Mme Pépin: Texas Beef Bake

While sifting through the 'Beef' section of my Healthy Cooking for under $7 cookbook I came across a 'Texas Beef Bake'. It sounded interesting and filling, perfect for a meal in with Mike since he eats like a horse.

The ingredients were simple enough: ground beef, mashed potatoes (from baking potatoes), frozen broccoli, parm cheese, an onion, beef broth, and some seasonings.

For meals involving more than just throwing pasta into boiling water while heating up some sauce, Mike and I like to work together. While he got to work chopping the onion, I skinned the potatoes and waited for the water to boil so I could get them ready for mashing. While we continued to wait for that water to boil, Mike sauteed the onions and I got the rest of the ingredients ready to be added to his pan as needed. Note on the water: just now boiling, potatoes added. Whole.

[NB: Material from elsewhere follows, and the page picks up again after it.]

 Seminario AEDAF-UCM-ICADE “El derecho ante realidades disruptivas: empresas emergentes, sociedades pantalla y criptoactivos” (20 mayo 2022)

The recommended 15 minutes had passed and the potatoes were in theory supposed to be ready to mash. Mike was running out of things to add to the pan.

The mashing was not a success, the potatoes were still too hard (note that I'd already drained the water). So, Mike lowered the heat on the contents in the pan, as I got the water boiling. Again. The potatoes sat in the boiling water for another 15 minutes. Still too hard to mash as Mike tested their firmness every few minutes with a mashing utensil. We even debated if the utensil I gave him was appropriate for mashing. Finally Mike said, perhaps we should have cut them up before boiling them. Lightbulb. I looked in the cookbook, and noted that the ingredients called for the potatoes to be cut, not the directions (where I'd been looking this whole time). Oops. Needless to say that made a world of difference and we were back in action.

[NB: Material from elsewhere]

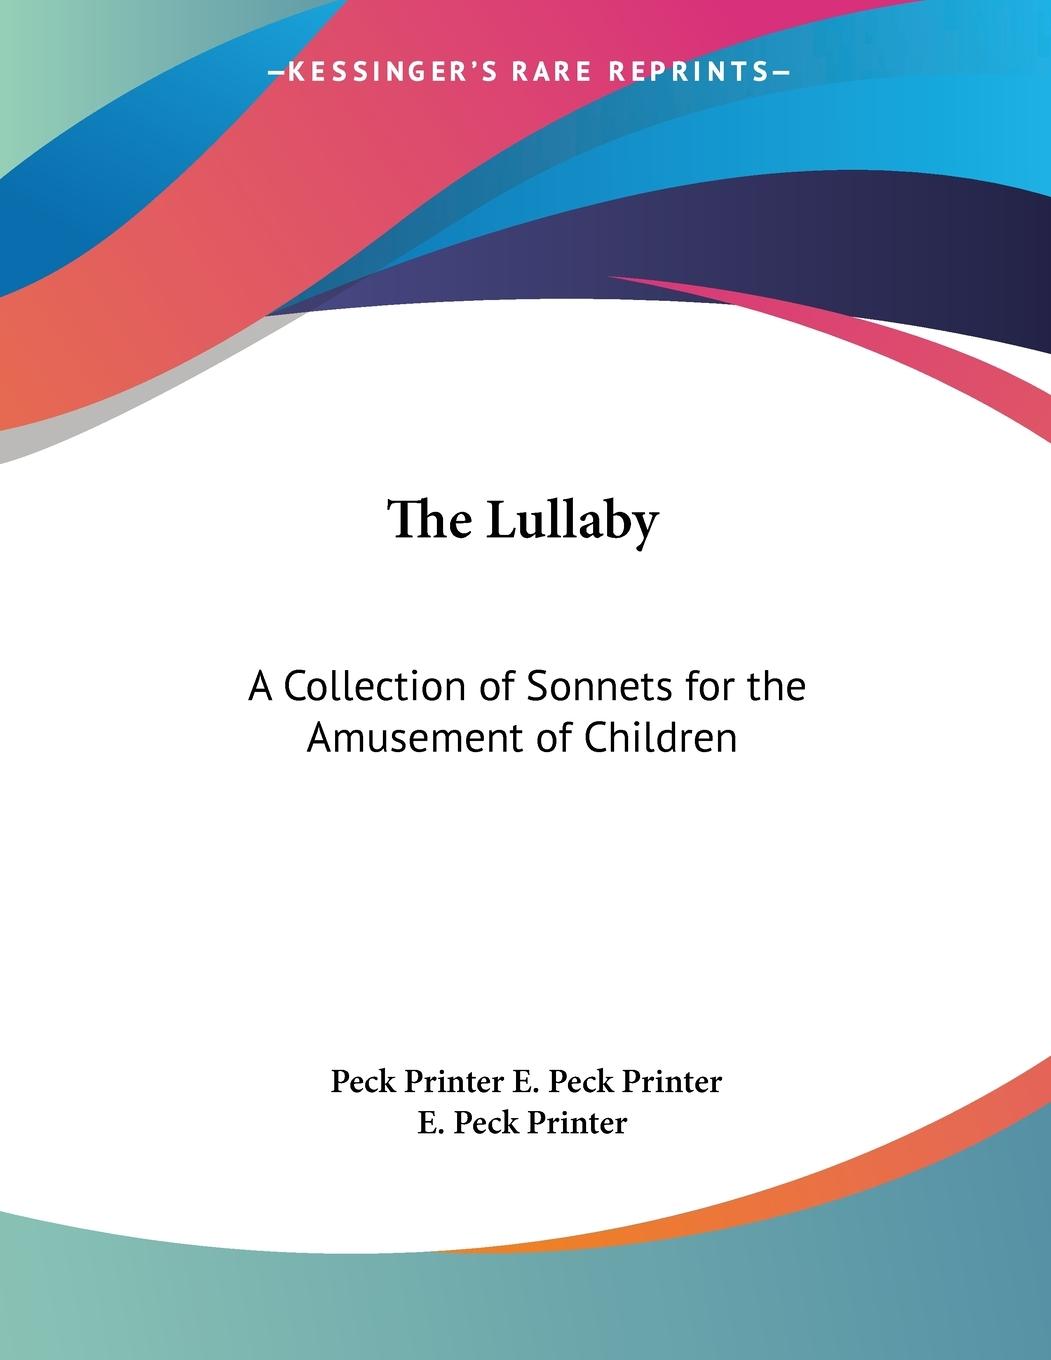 The Lullaby - E. Peck Printer, Peck Printer E. Peck Printer

After everything had been sauteed (the pan turned into a large metal bowl as we ran out of space), we transfered the contents to a pyrex baking pan, sprinkled on the cheese (note next time I will not get grated parm, I'll get shredded), and popped it into the oven. The bake time took longer than expected, Mike attributed that to the cheese being grated.

When all was said and done, Mike did most of this meal, as I threw complications his way left and right (unintentional of course). Despite some of the set backs, the meal tasted excellent. It was incredibly filling, leaving plenty of leftovers (score for me, I got to bring it to work for lunch!).

I will say, don't make this as a company dish since it's quite the opposite of appetizing looking. But it does taste great, is under 400 calories, and is simple to make: if your baking partner isn't me.